SEPATON shows how partial post-process de-dupe can score over in-line

I gained a more
positive view of post-process de-dupe—or rather what I would call ‘partial post-process’—from meeting
with virtual tape library (VTL) appliance provider SEPATON last week. Its new DeltaStor
de-dupe approach is unique and so deserves a separate review.

De-duplication performed
during an initial backup—‘in-line’ so called—is typically achieved
transparently to any management process by an appliance and (with compression
included) can achieve a 20x or more space saving over a standard backup. Applied
across the board to every file and system, it typically treats them all just as
blocks of data without taking account of file type or content. ‘Post process’, which
applies de-dupe to a backup only after it
is created, initially requires extra
space and typically incurs some management overhead; this is not so smart in my
book.

SEPATON’s
DeltaStor is technically ‘post process’ but different. Its software examines
the backup copy of each individual file and database (‘object’) in turn but,
uniquely, uses its ContentAware stored intelligence to recognise all the leading
vendors’ backup and archive output as these embed their own markers.

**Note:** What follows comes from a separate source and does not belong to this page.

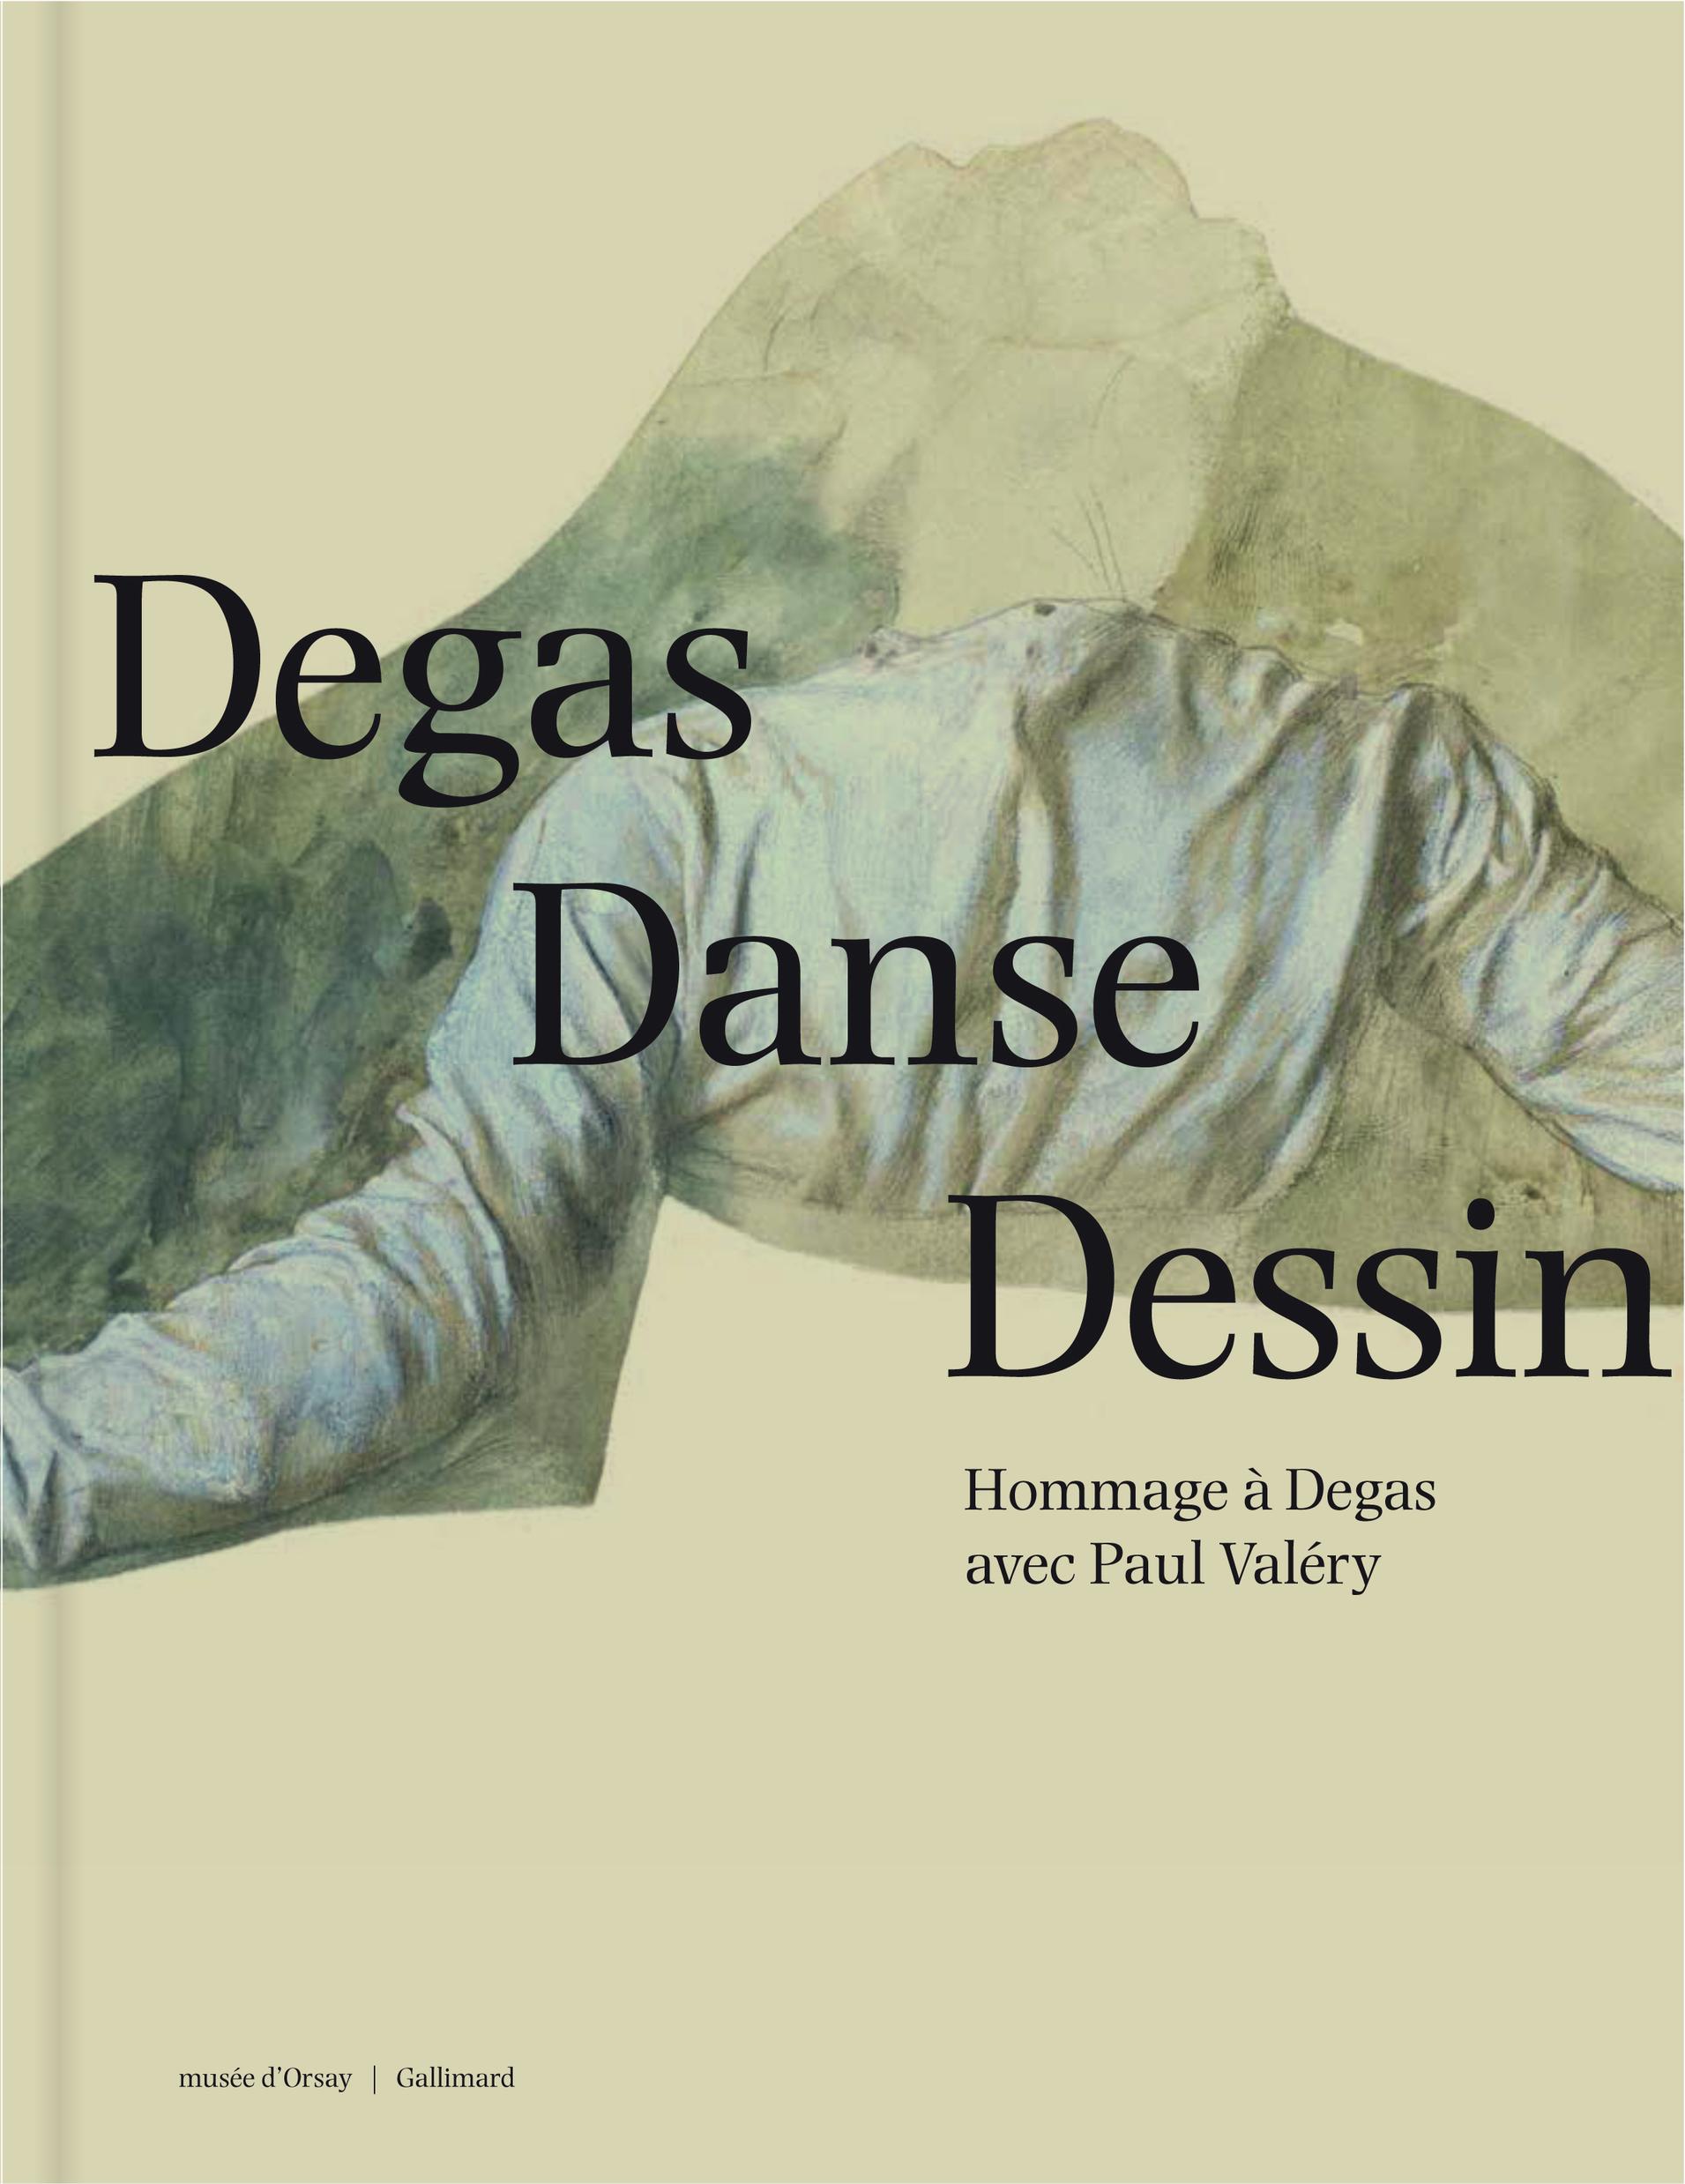 Degas Danse Dessin. Hommage à Degas avec P. Valéry
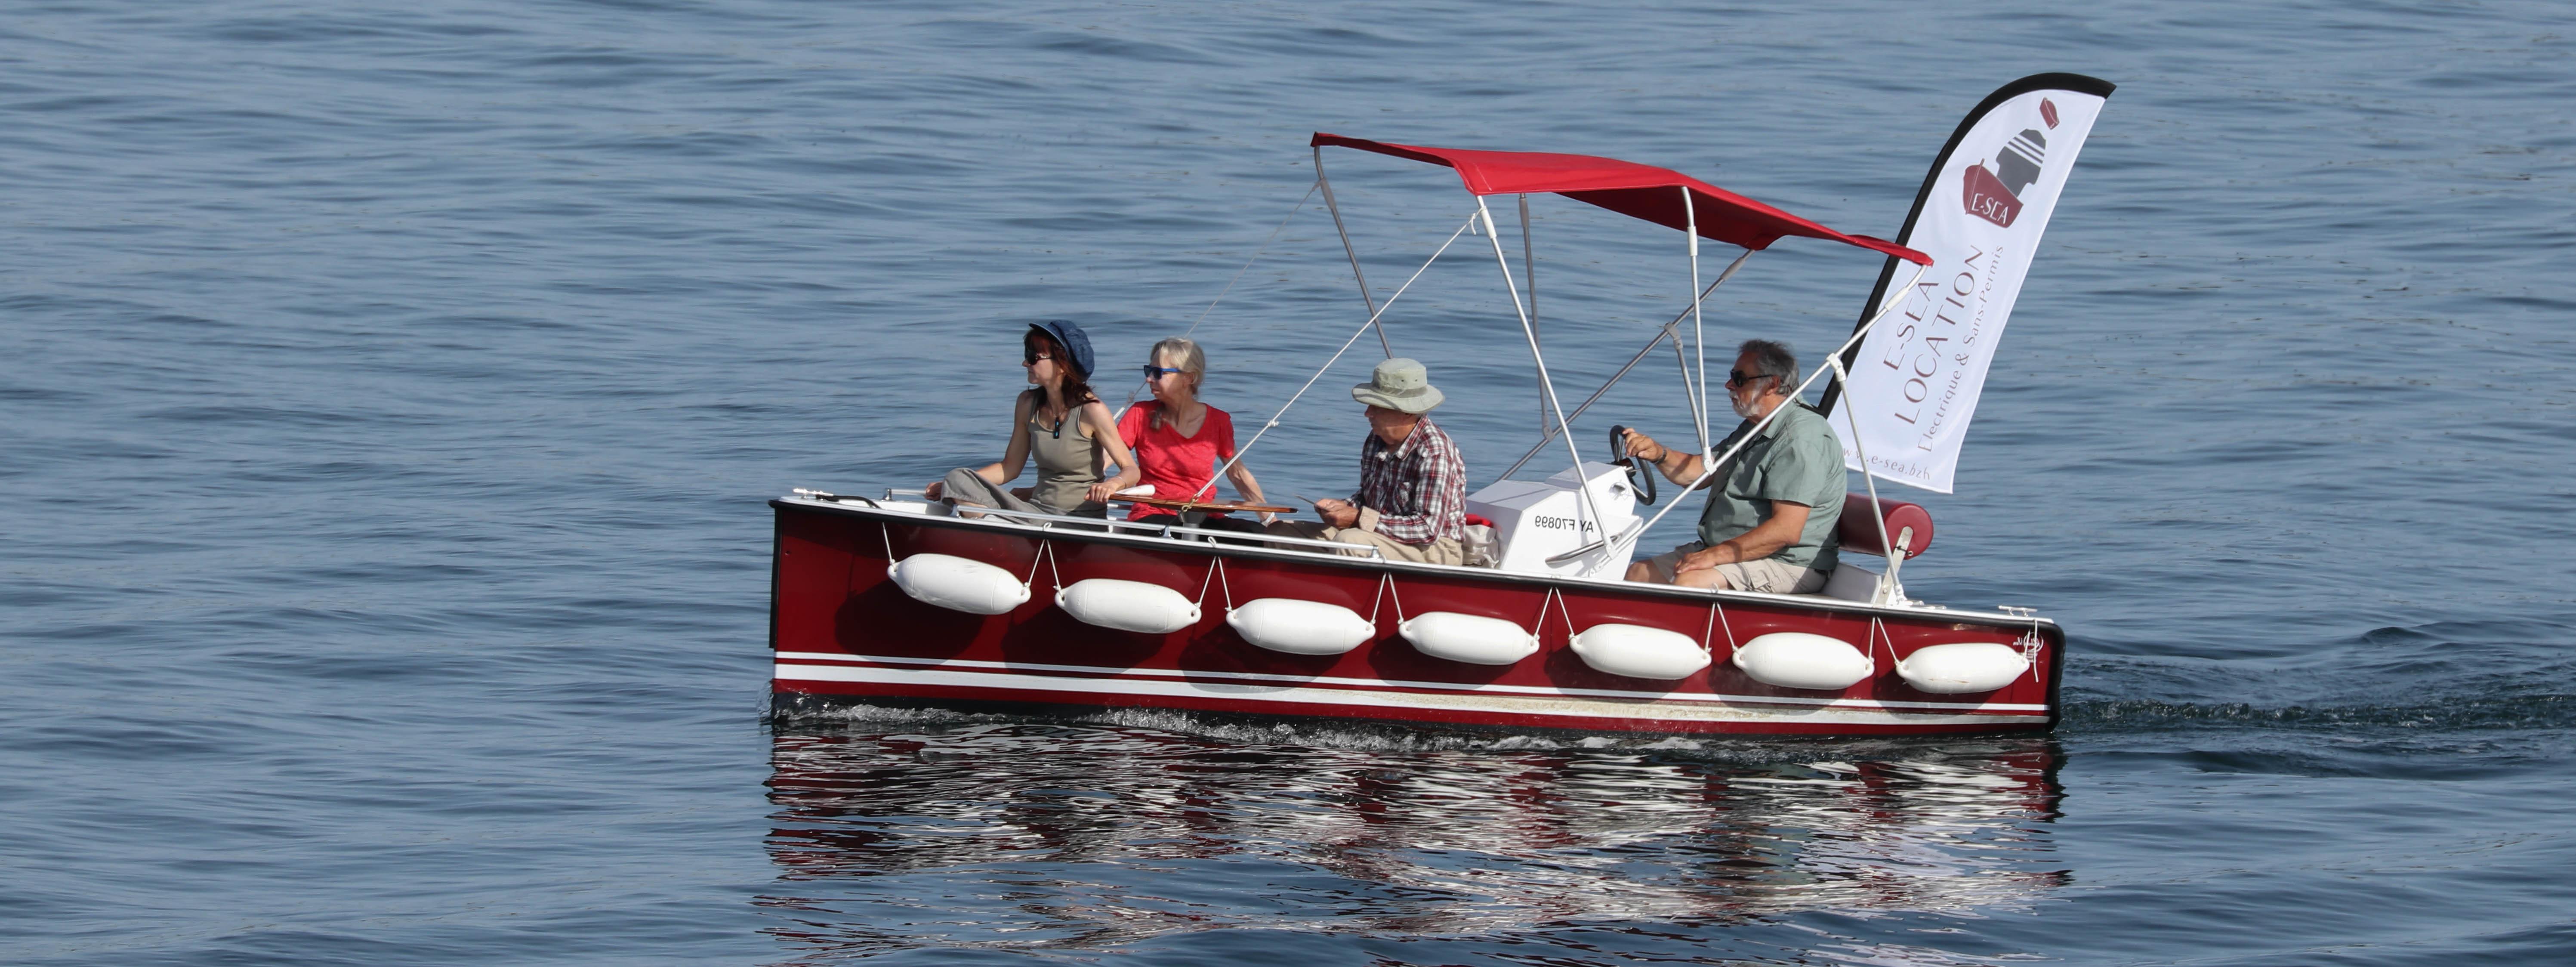 figure de proue, la trinité sur mer, 6 août 18, 9h13 (1 sur 1).jpg

In SEPATON’s
de-dupe process these markers are extracted before the data is processed.

There then follows
a byte-level examination of the whole data stream; from this the de-dupe
process (which does not use hashing) creates variable-length output representing anything from 128 bytes to the whole
object. “Nobody else does that,” said Miklos Sandorfi, SEPATON’s CTO, who
pointed to a verified 48x space-saving typically being achieved in its VTL
output. It still needs additional space but, as Sandorfi explained, far less
than you might expect…

Since each
backed up file or database is handled as a separate entity, DeltaStor can be
set to start work on de-duping the first file as soon as that backup is
complete and concurrently with the next file backup, and so on (so effectively
only ‘partial post-process’). This
also means the minimum amount of output space that has to be pre-allocated is the
size of the largest file to be backed up plus
the total de-dupe output space (which all de-dupe products need); then remember
that DeltaStor’s de-dupe space will come out less than half that used by the
best in-line de-dupe products. Some files should not be de-duped (for instance
already encrypted ones); with DeltaStor’s approach the decision whether to
de-dupe can be set at the most granular single-file level to further assist
space-saving.

So when calculating
the overall space saving versus the
best in-line solutions, consider: a) the total
amount of data to be backed up (typically more for larger enterprises), b) the
degree to which further replication is
to be applied to the de-duped backups (since with SEPATON these instances will
be smaller, which also helps performance especially if some travel over a WAN),
c) the effect of some files not being de-duped, and d) how long the data is to be
stored accessibly from disk (since the longer it is retained in this near-line de-duped
state the bigger the space-saving).

Logically, SEPATON’s
approach is most attractive to larger enterprises with larger and more complex backup
and archiving needs who do not mind a minimal amount of extra management. In
exchange SEPATON offers some enterprise-level additions.

For instance, there
is a rigorous byte comparison check on data integrity. Sandorfi says that SATA
disks have a habit of changing the data without showing an error. (Very nasty
if true!). Also, SEPATON’s ‘forward differencing’ approach reverses the way most
de-dupes work. Whereas they use the first instance of data as a reference copy and
replace subsequent instances by a pointer, DeltaStor stores the most recent data
copy in full form—replacing old and redundant data with pointers. This circumvents
two problems: a) a gradual tail-off in backup performance and b) a delay in restoring
the most up-to-date data.

In-line solutions
that cannot maintain wire-speed will impede initial back-up throughput
performance. Although not a like-for-like, SEPATON’s VTL appliance does boast up
to 34.5TB/hour as well as scalability to 1.6 petabytes of data.

Finally, through its
software being aware of the content, SEPATON is working to develop other
functionality, for instance to facilitate secure, audited content searches for
legal discovery. (But that is for another day.)

Right now the
decision for in-line or SEPATON-style partial
post-process depends on organisation size and needs. But I still await a
convincing argument for standard post process de-dupe.